- [GOAL OF THE EXERCISE]: Please reproduce all of the data below exactly, leaving each picture out.

- [COLLECTED MATERIAL]:

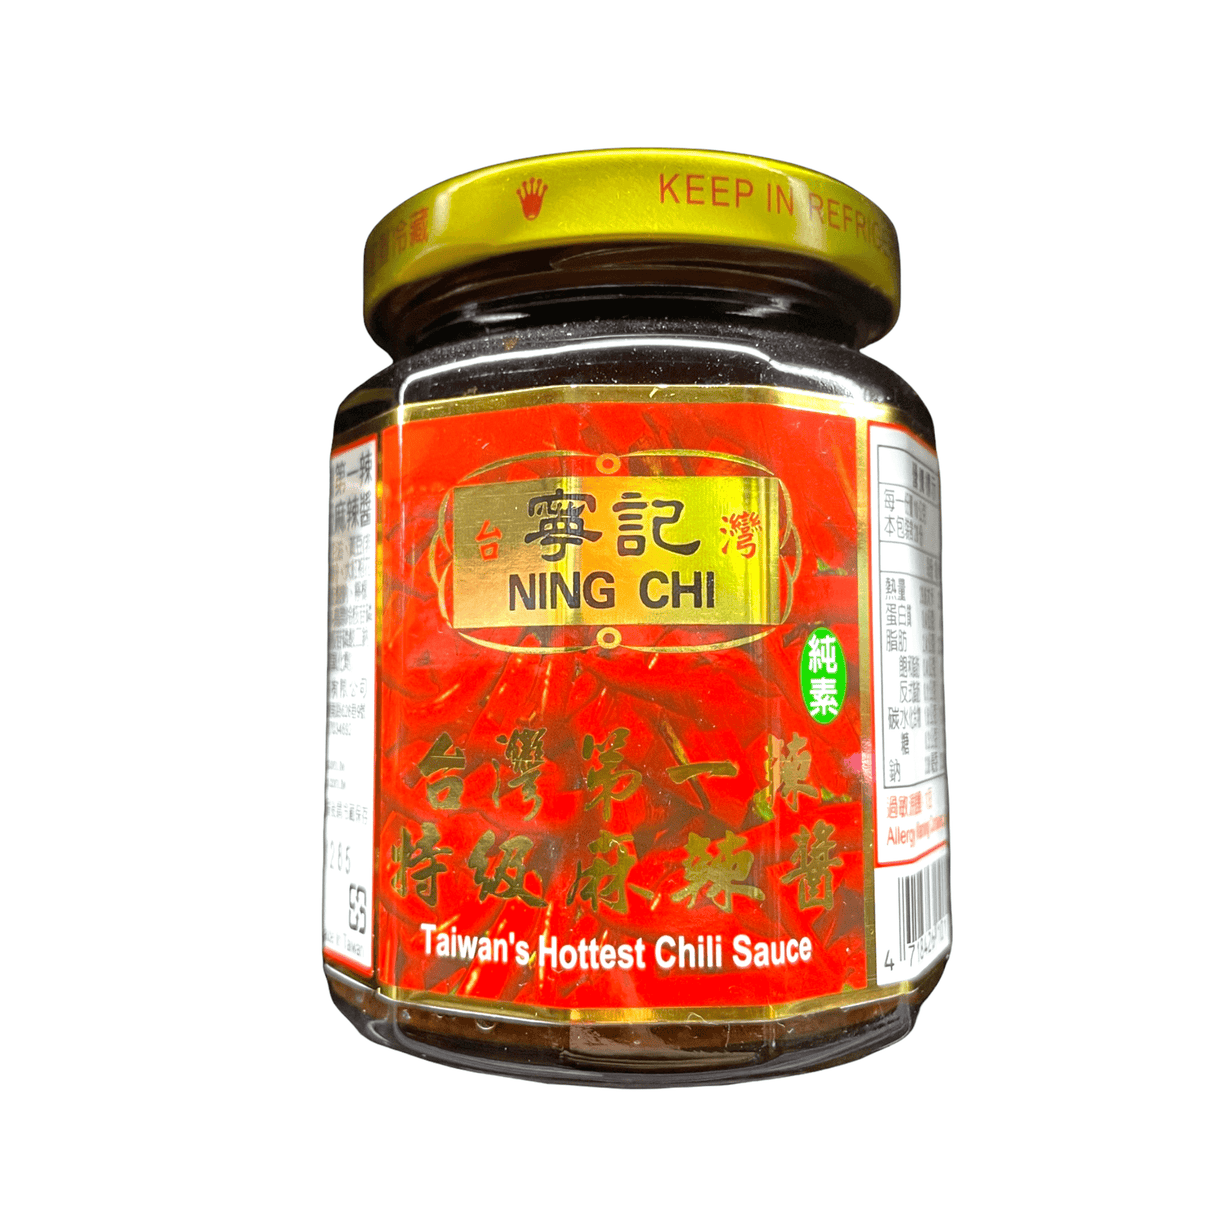 NING CHI Taiwan's Hottest Chili Sauce
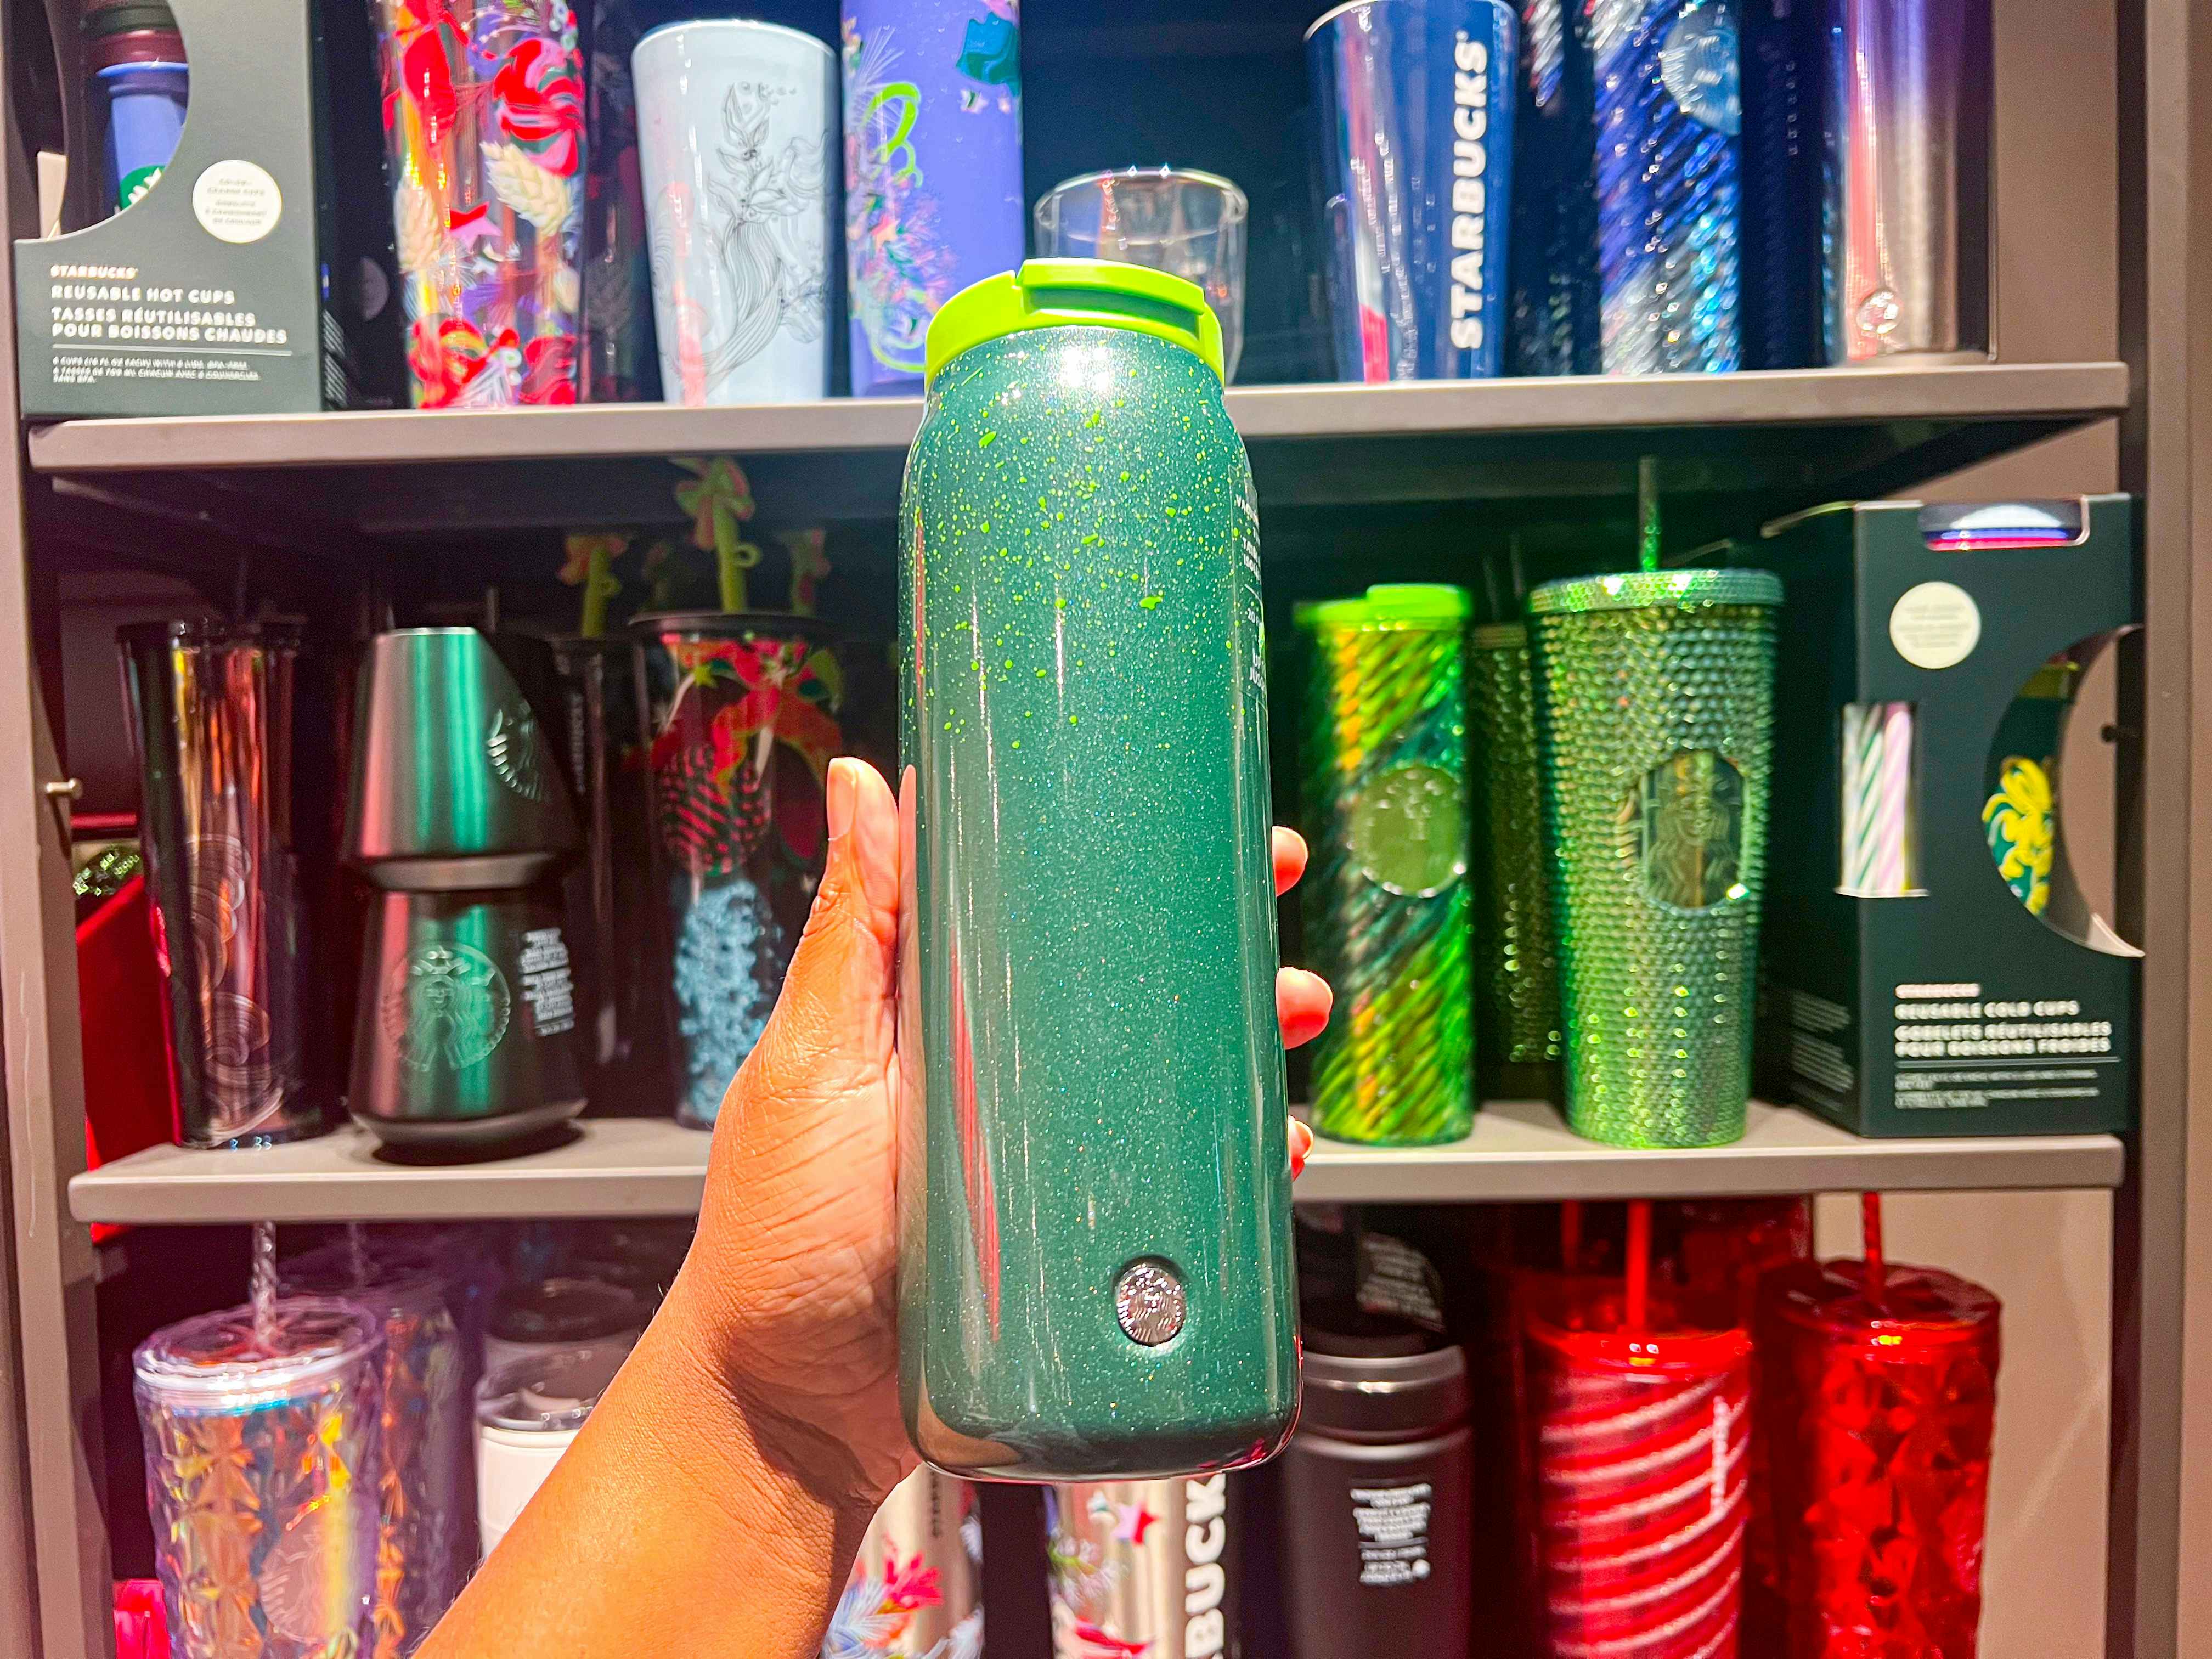 Festive Green 12oz Plastic Cups | 50ct
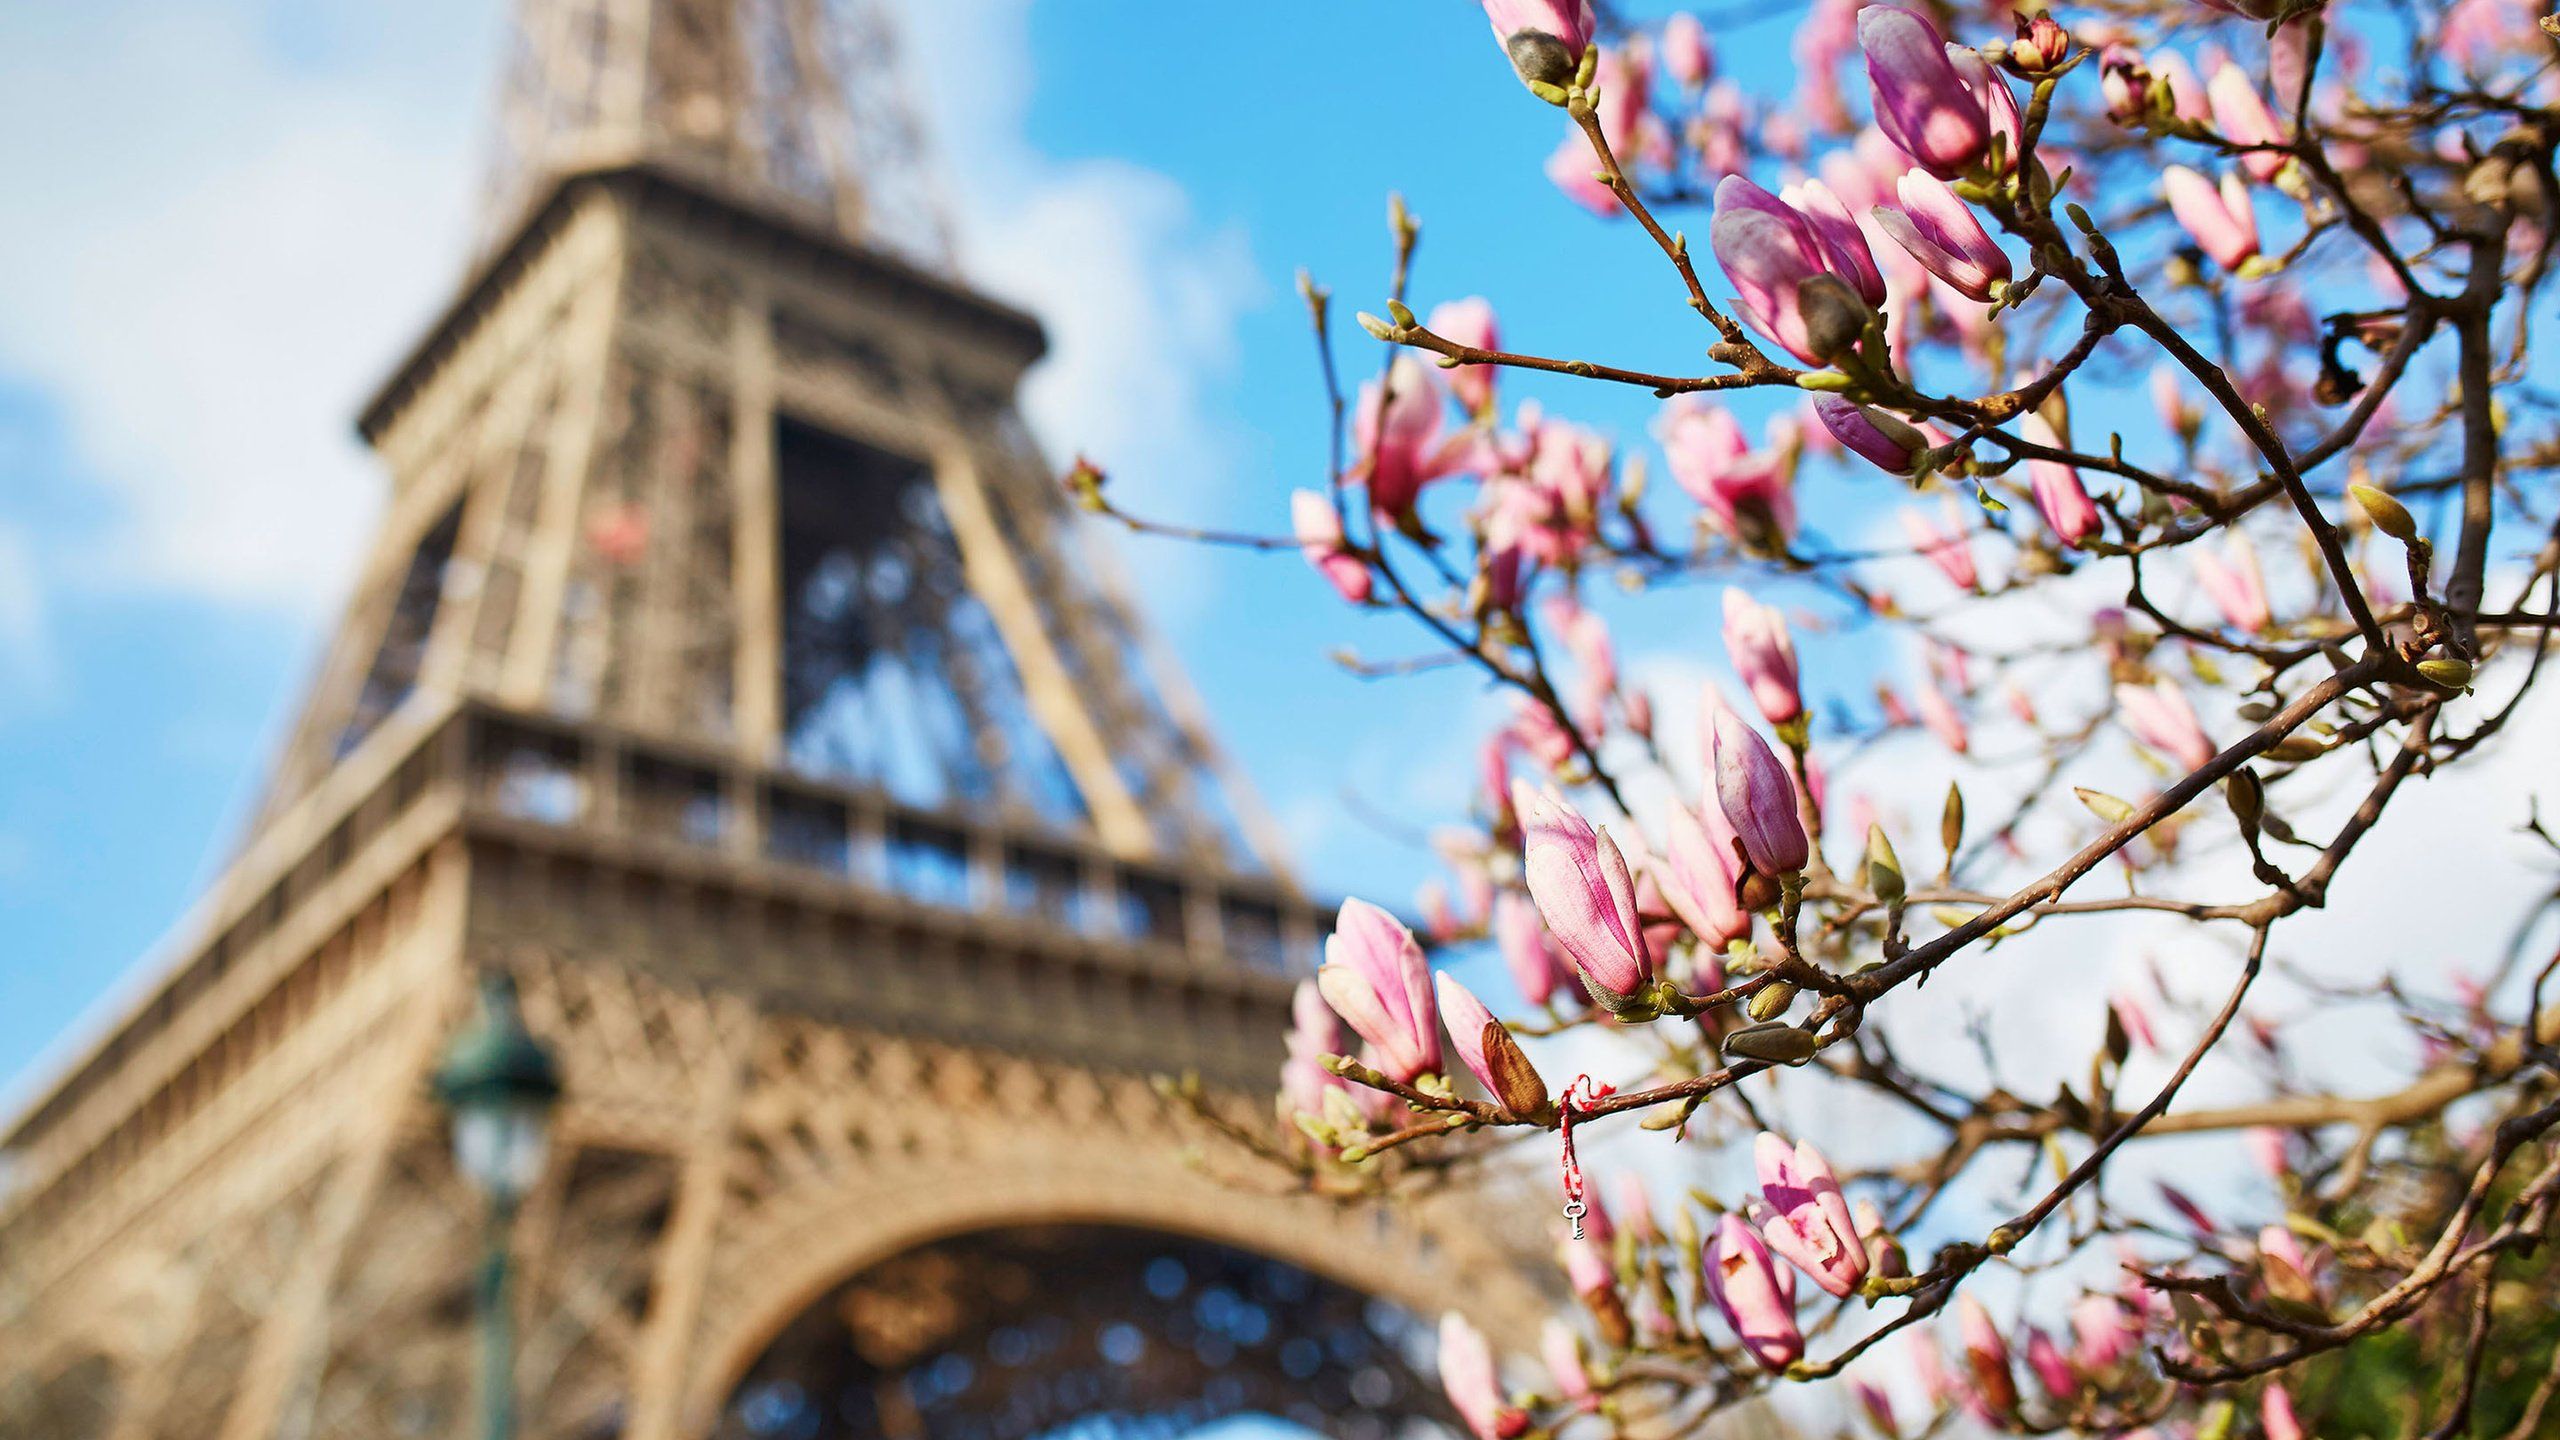 Wallpaper download paris, spring, france, eiffel tower, magnolia

- [RESPONSE AREA]:
 NING CHI Taiwan's Hottest Chili Sauce
 Festive Green 12oz Plastic Cups | 50ct
 Wallpaper download paris, spring, france, eiffel tower, magnolia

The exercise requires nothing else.